I will be running a workshop on StormCrawler next month at the Web Archiving Conference in Zagreb and give a presentation jointly with Sebastian Nagel of CommonCrawl. I will come with loads of presents generously given by our friends at Elastic.


As usual, thanks to all contributors and users.

Happy crawling!


Monday, 11 February 2019

Meet StormCrawler users: Q&A with Pixray (Germany)

We are opening a series of Q&A blogs with Maik Piel telling us about the use of StormCrawler at Pixray.  

Q: What do you guys do at Pixray? Why do you need web crawling?


We are experts in image tracking on the web. We work for image rights holders to protect their pictures on the web as well as brands and manufacturers to monitor sales channels. Our customers range from news agencies and picture agencies, individual photographers, e-commerce companies to luxury brands. Web crawling is one of the core buildings blocks of our platform - next to a massive picture matching platform, various APIs and our customer portals.

Q: What sort of crawls do you do? How big are they?


We do three kinds of scans: broad scans across complete regions of the web (like the EU or North America), deep scans on single domains and also near-realtime discovery scans on thousands of selected domains. For all of these different scans, we employ customized versions of StormCrawler to match the very distinct requirements in crawling patterns. Obviously, the biggest crawls are the broad regional scans, including more than 10 billion URLs and tens of millions of different domains.

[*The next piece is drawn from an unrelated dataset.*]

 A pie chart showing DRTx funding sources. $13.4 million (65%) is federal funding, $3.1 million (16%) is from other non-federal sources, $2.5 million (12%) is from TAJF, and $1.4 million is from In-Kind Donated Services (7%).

Q: What software stack do you use? e.g. SC + ES + Grafana? Hardware used?


Adapted and extended versions of StormCrawler as well as Elasticsearch and Kibana. We couple our crawling infrastructure with the rest of our platform through RabbitMQ. Our crawler is built on Ubuntu servers, with 32 GB of RAM and Intel Core I7 and 4 TB of disk space. Each runs Apache Storm and Elasticsearch. In the future, we will split the storage (Elasticsearch) and the computation (Storm) layers to separate hardware. We are also looking at options to employ container and service orchestration frameworks to scale our crawler infrastructure dynamically. 

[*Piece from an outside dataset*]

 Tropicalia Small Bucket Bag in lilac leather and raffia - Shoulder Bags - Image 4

Q: Why did you choose StormCrawler?


We initially built our crawler on Apache Nutch. Needless to say that Nutch is a great and robust platform.  But once you grow beyond a certain point you start to see limitations. The biggest limitation is the low responsiveness to changes and the uneven system utilization due to the long generate/crawl/update cycles. It sometimes took us 24 hours or more till we could see the effects of a change we made to the software. Furthermore, we found that it is a bit troublesome to get valid statistics data from Nutch in real time. StormCrawler solves all that for us. Every config or code change that we commit shows its effect immediately and you get statistics very, very easily. There is no long-cycle batching anymore in StormCrawler which gives us a very even and continuous crawling, reducing our need for massive queuing of results to ensure an even utilization of down-stream infrastructure.  Kibana gives us great real-time insights into the crawl database. With Nutch, we had to run analysis jobs of around 4 hours, even if we just needed the status of a single url. 

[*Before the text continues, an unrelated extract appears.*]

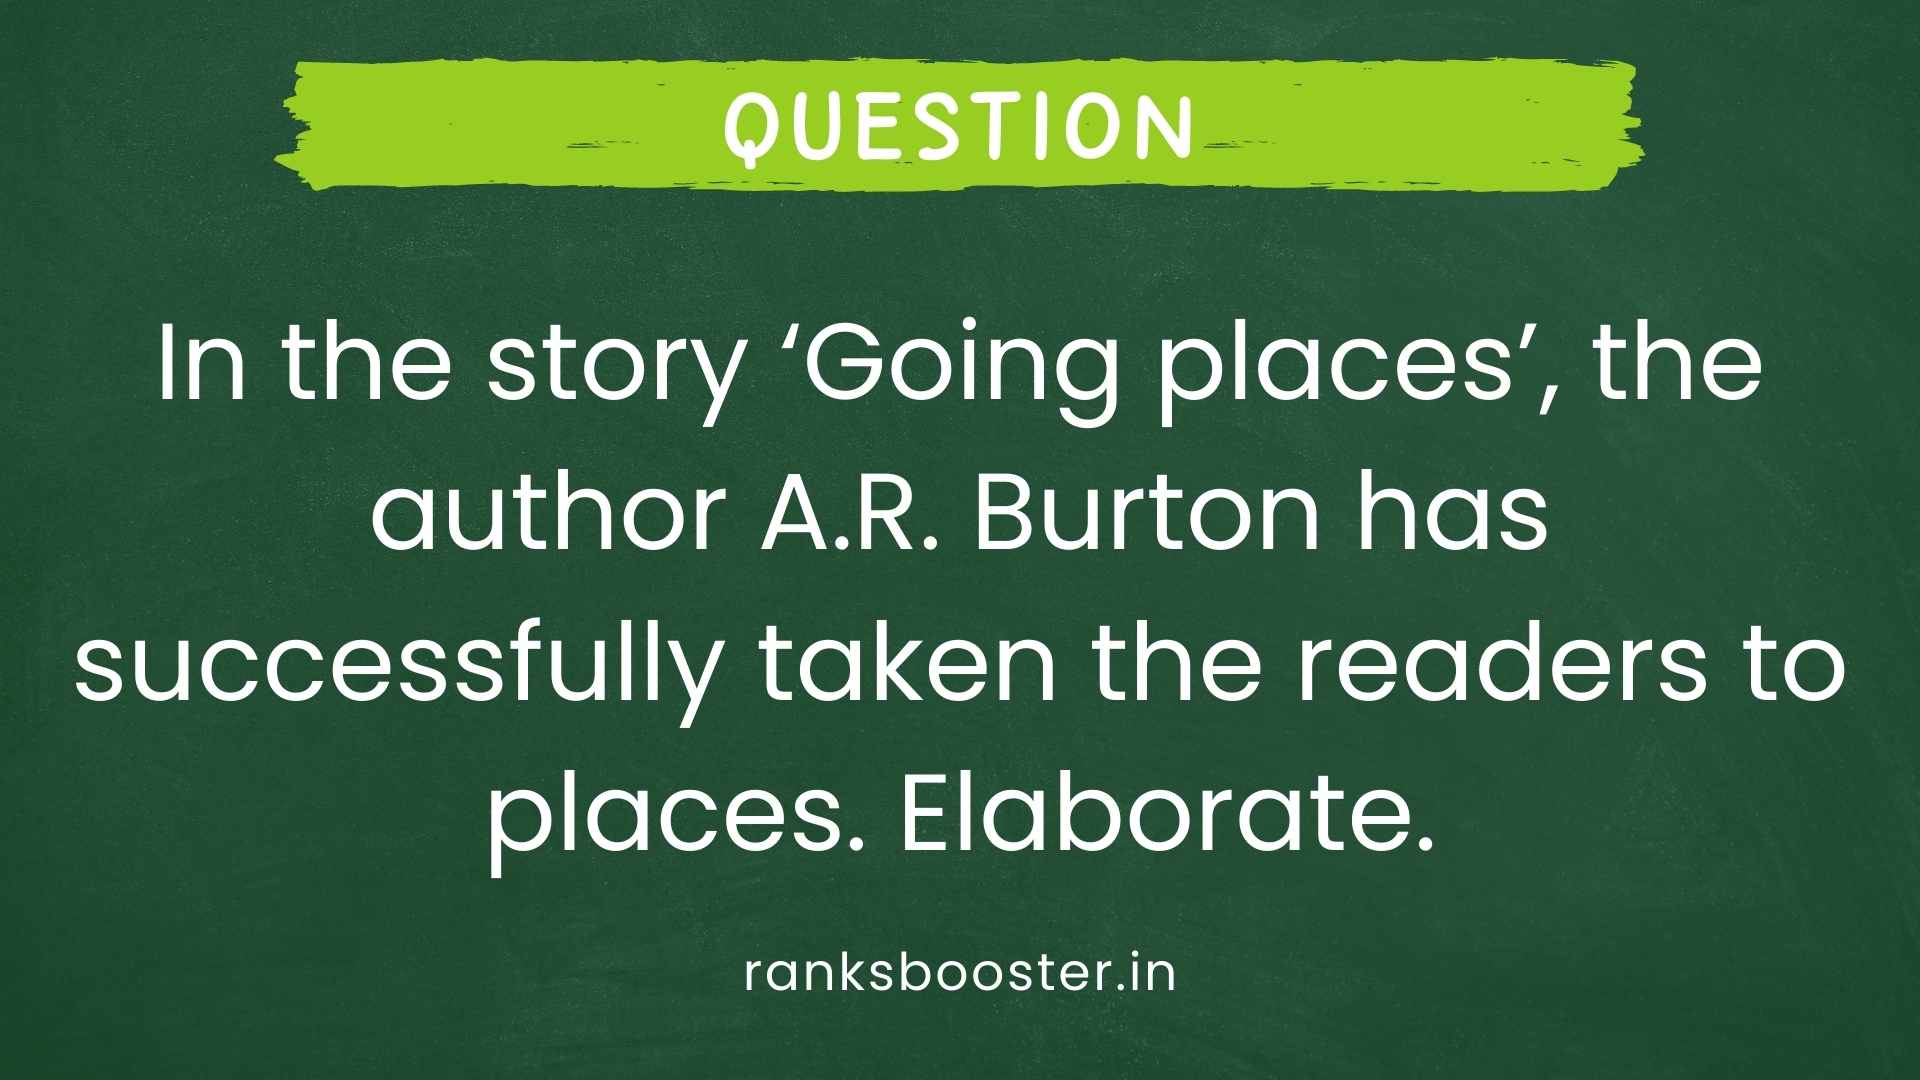 Question: In the story ‘Going places’, the author A.R. Burton has successfully taken the readers to places. Elaborate

Q: What do you like the most / least in StormCrawler?


Besides the points mentioned above, we have to praise StormCrawlers extensibility. In our different setups we have both made changes to existing code in the StormCrawler project but also wrote large amounts of own code. The structure Apache Storm imposes is great. Components are very cleanly decoupled and it is easy to introduce custom functionality by just writing new Spouts and Bolts and linking them into the topology. For our use case we, of course, had to deal with pictures - which StormCrawler itself does not do. We just created our own Bolts for that. For our near-realtime discovery crawler, we needed an engine that calculates the revisit date for a URL based on various factors instead of a static value, again we could just create a specific spout for that. 

Q: Anything in particular you'd like to have in a future release?


It would be great to have a built-in way to prioritize different TLDs within the StormCrawler spouts. We have built a custom solution for that which we might contribute back to StormCrawler at some point.